> _Problem to solve_
Please write out exactly the lines from the one with "Париж во время праздников" through the end of the data below, both ends included, and omit any pictures.

> _Dataset section_

<<<<

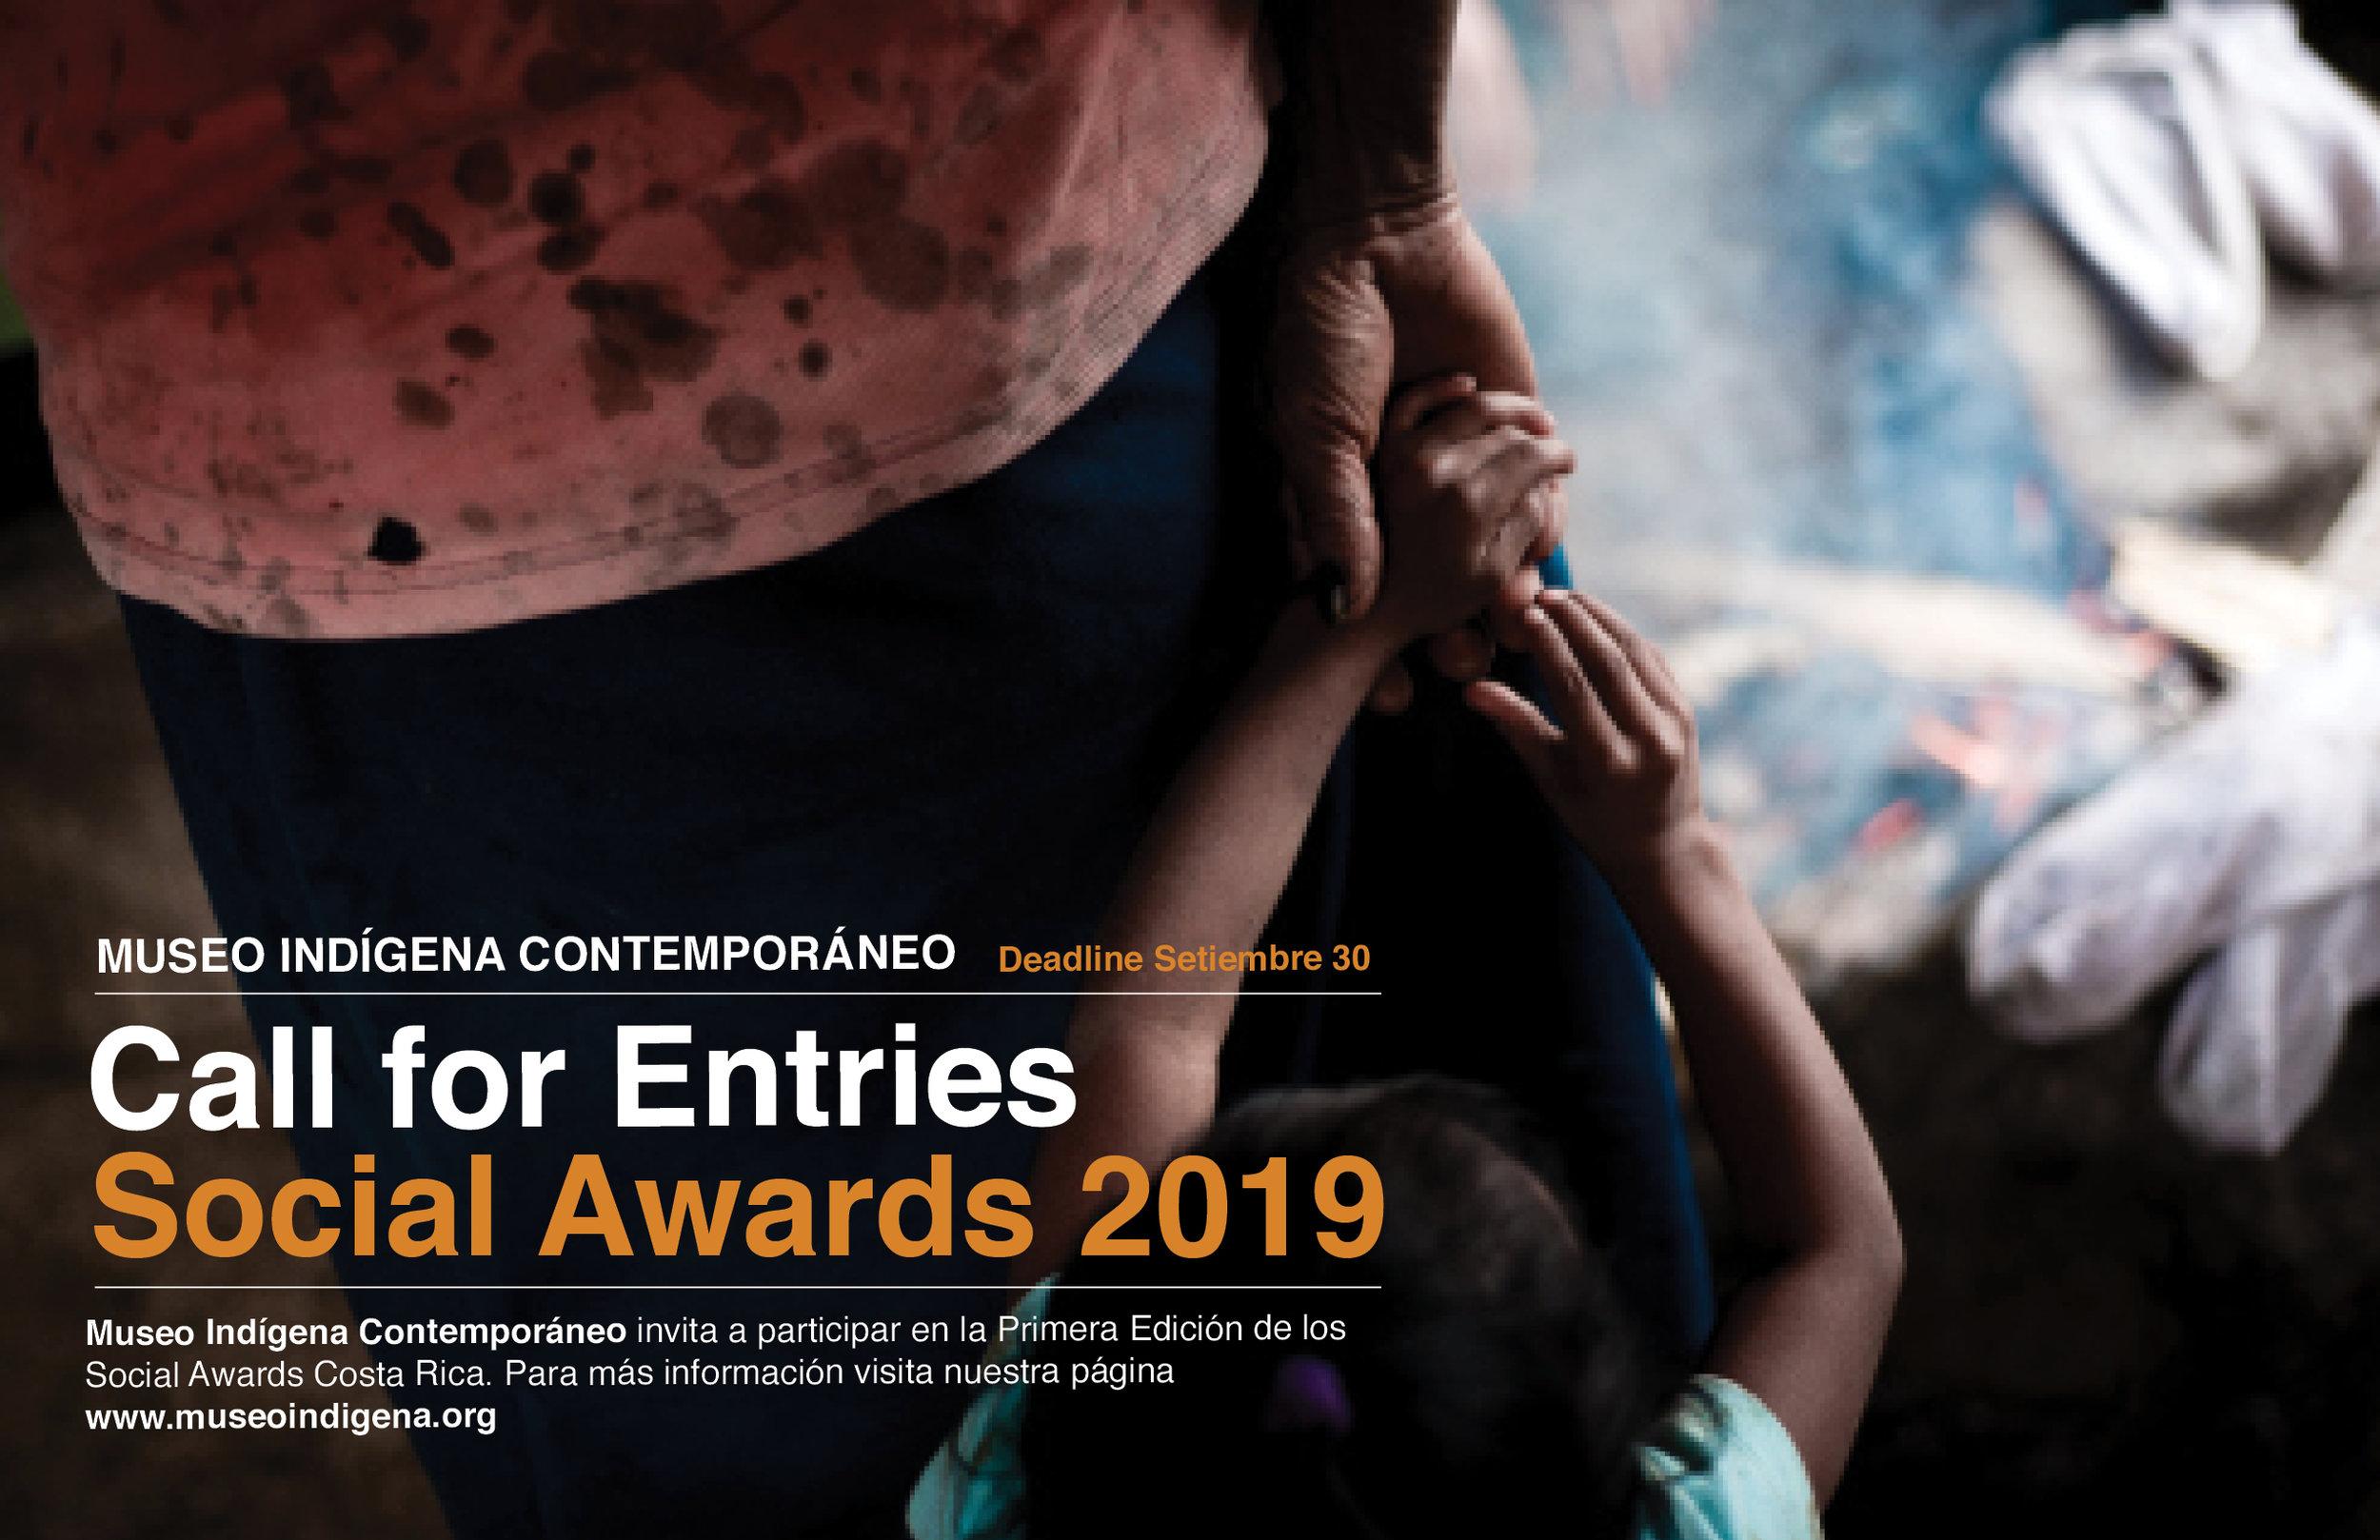 MIC_Call for entries social awards 20192.jpg
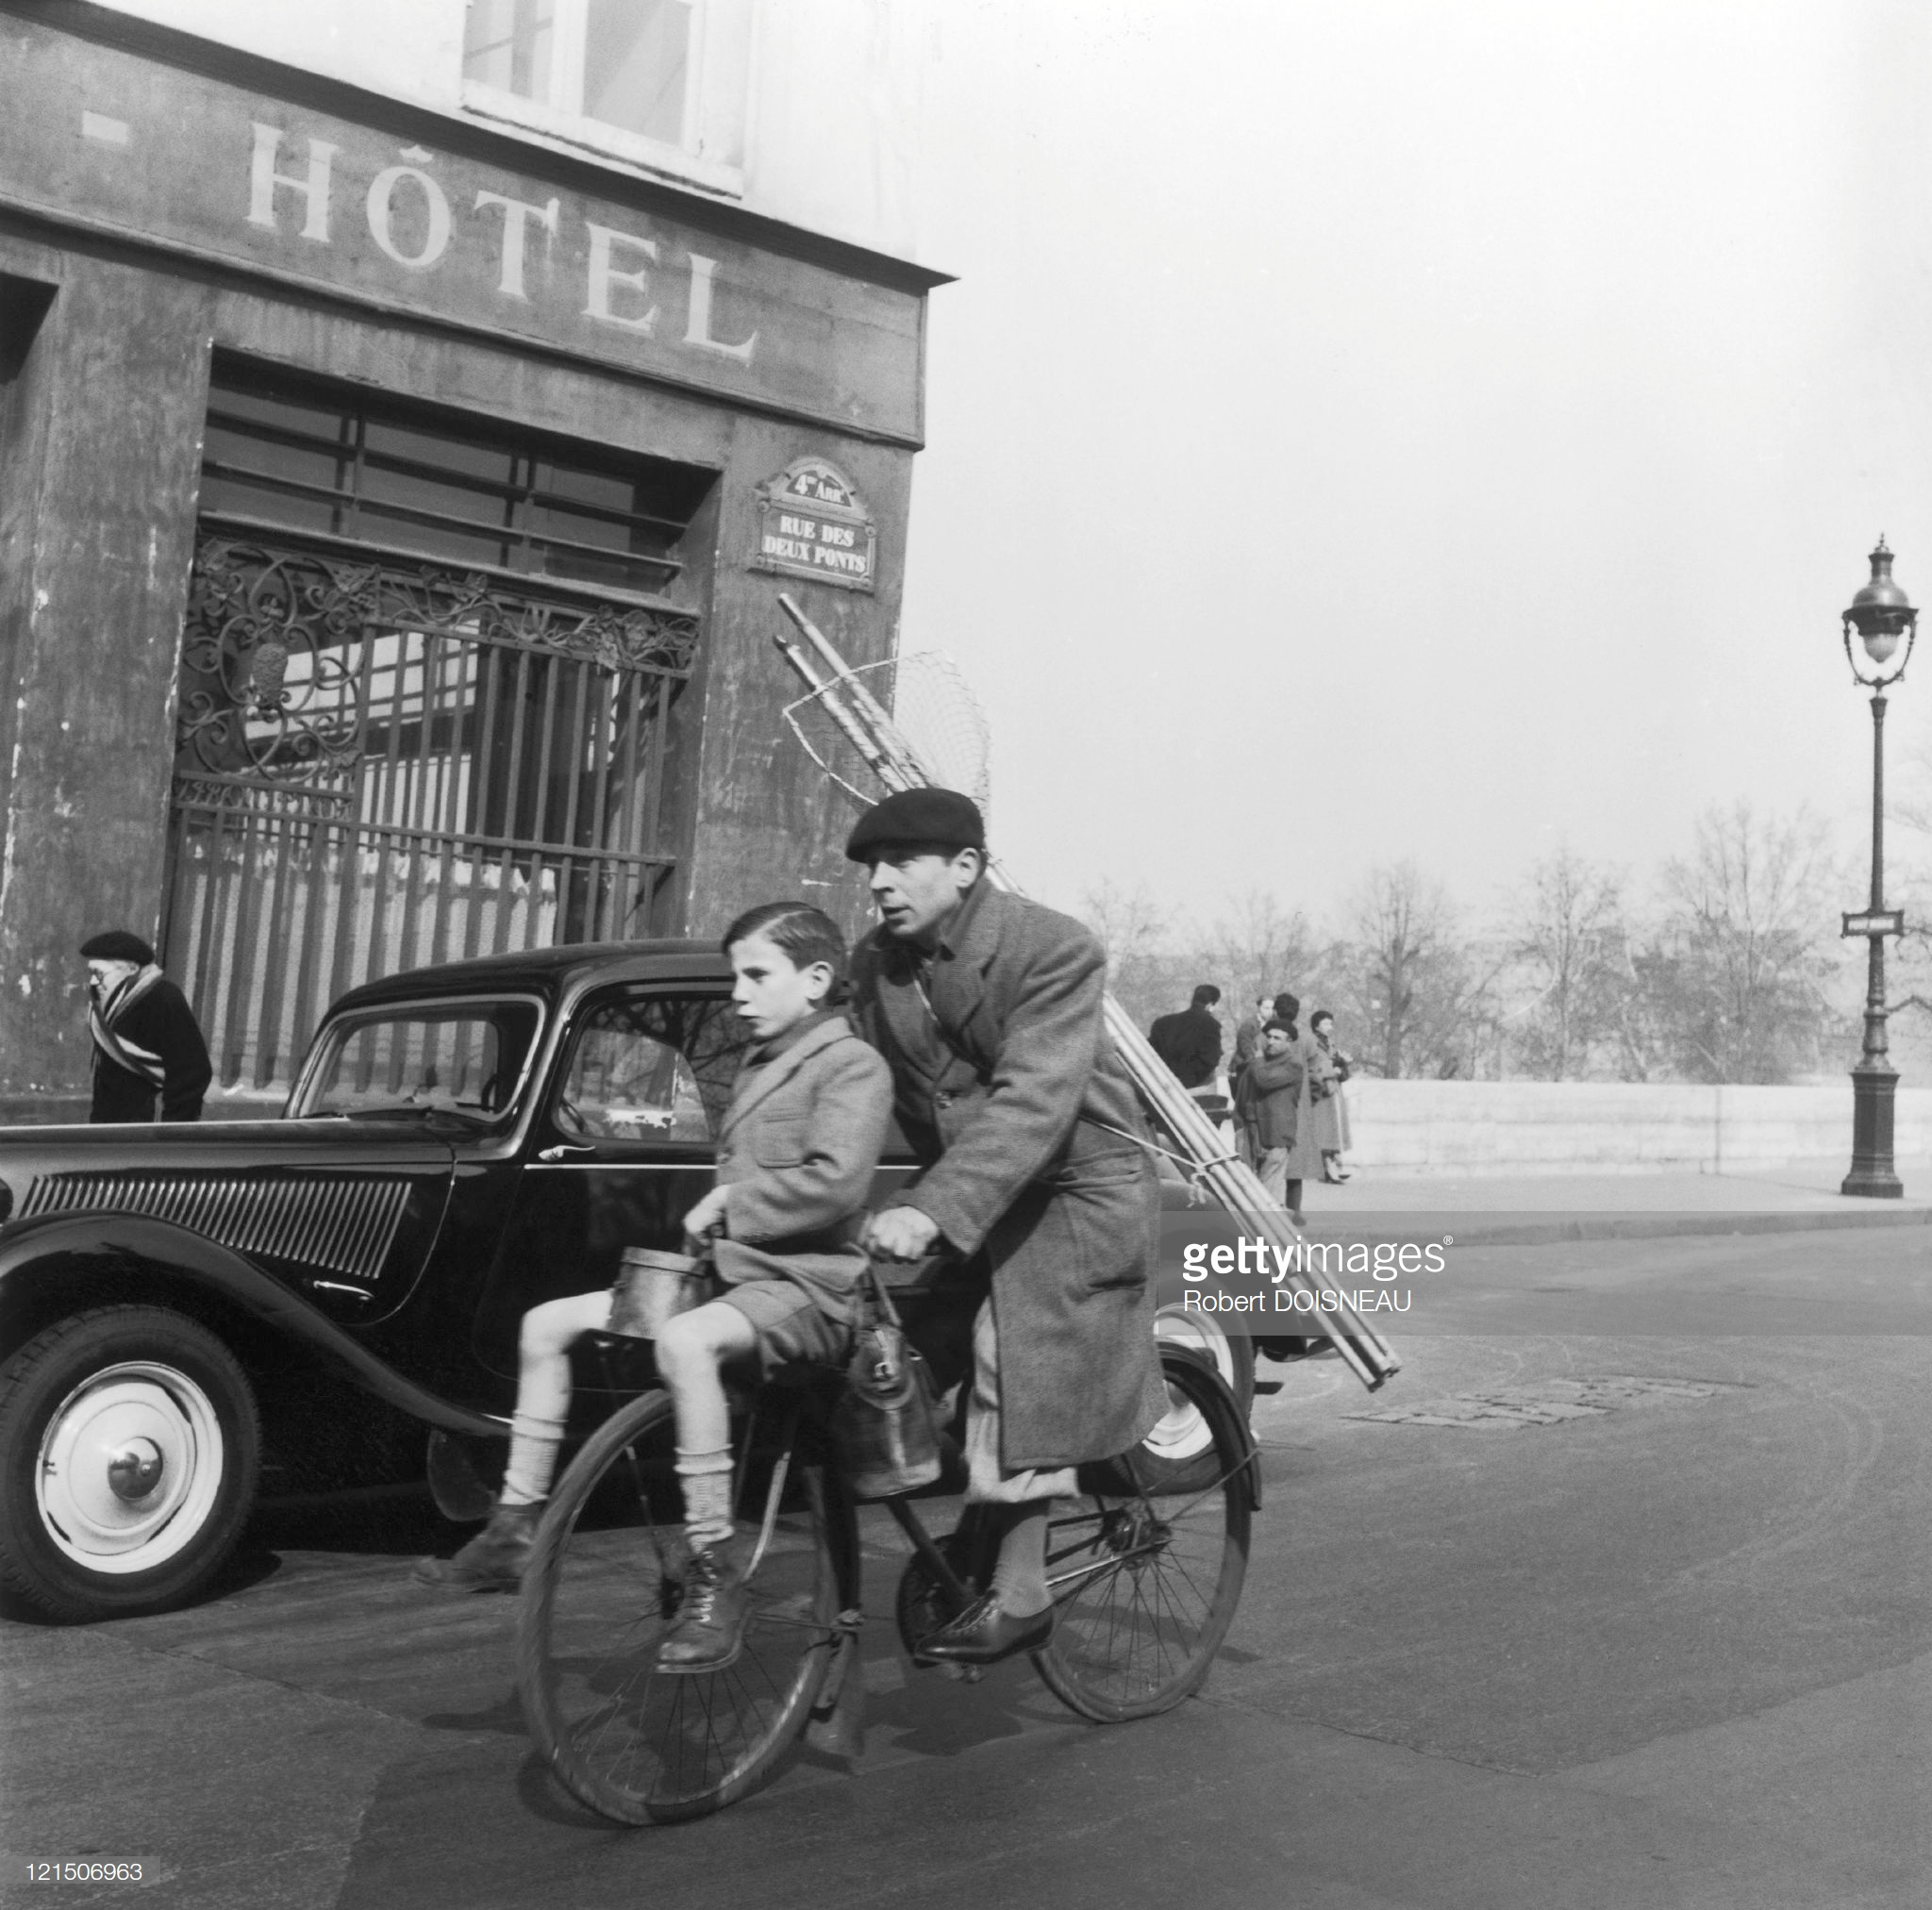 Париж во время праздников
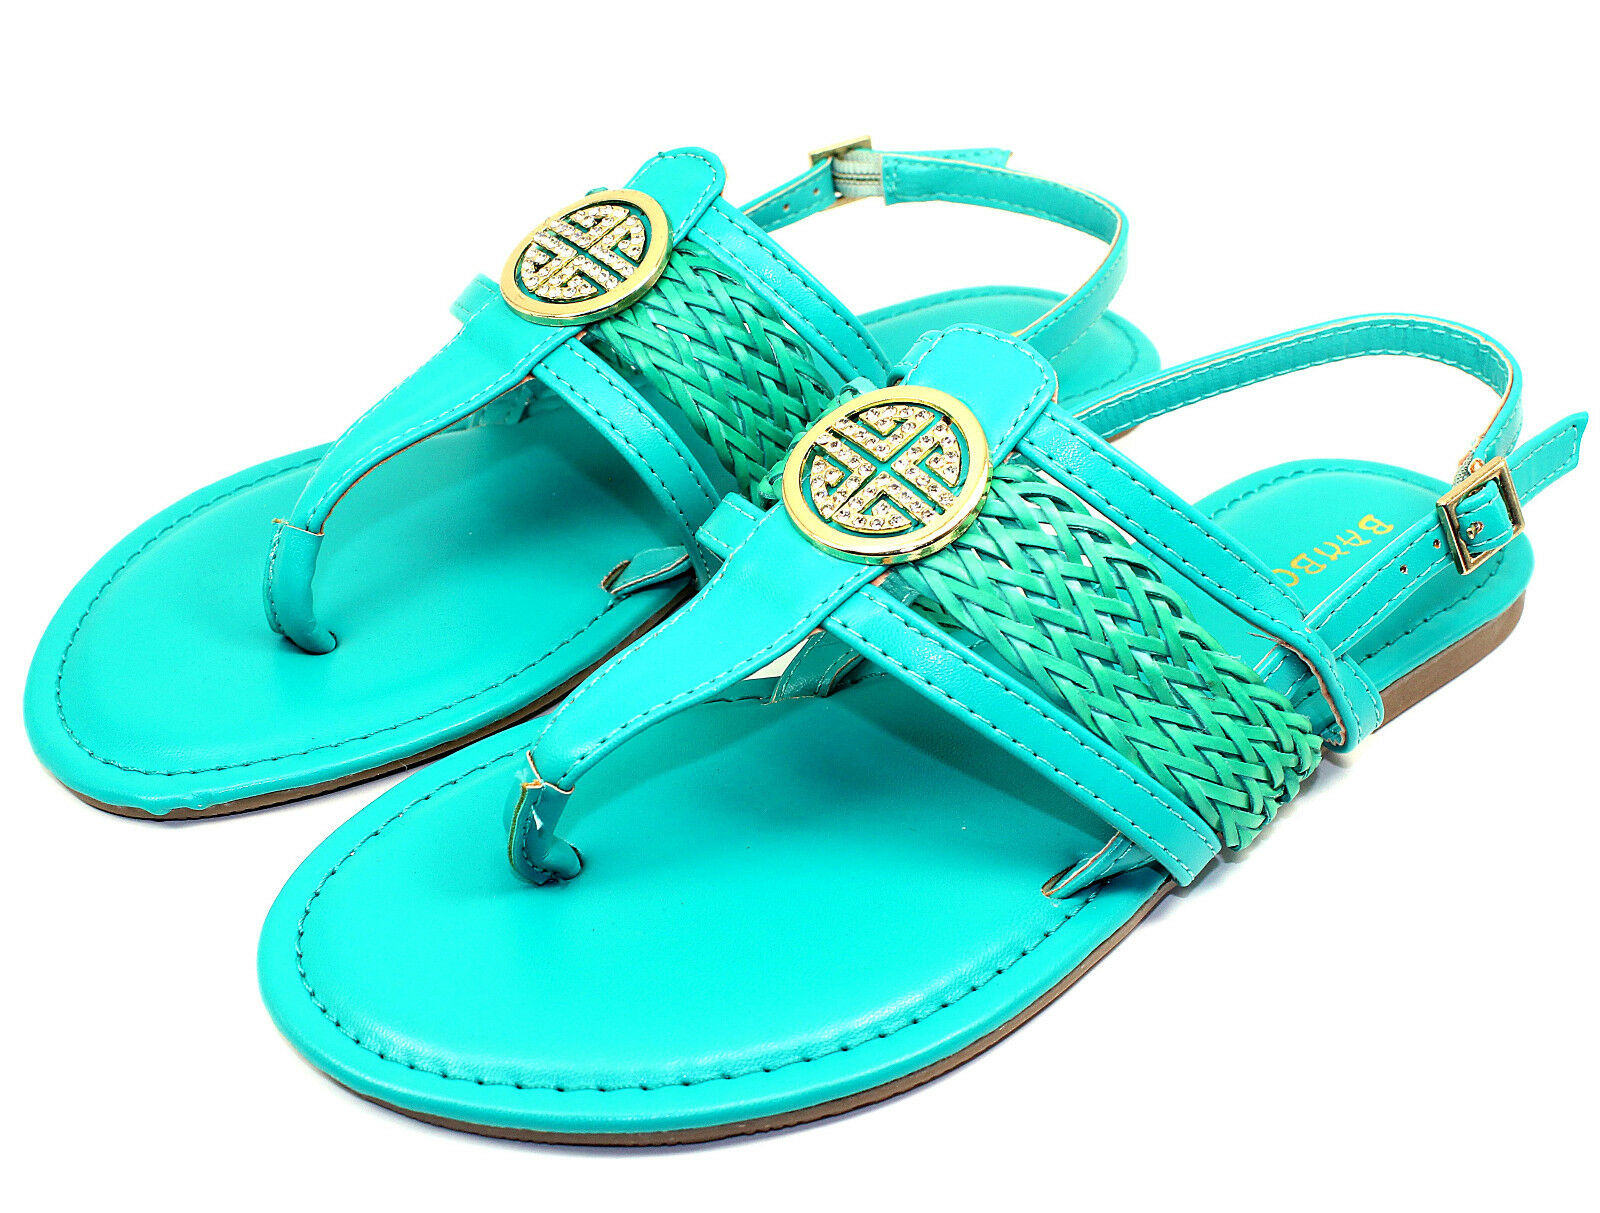 Nadya-15 Sandals Gladiator Buckles Flats Strappy Sandals Nadya-15 Women Shoes Sea Green 5.5 60d962

>>>>

> _Solution_
 Париж во время праздников
 Nadya-15 Sandals Gladiator Buckles Flats Strappy Sandals Nadya-15 Women Shoes Sea Green 5.5 60d962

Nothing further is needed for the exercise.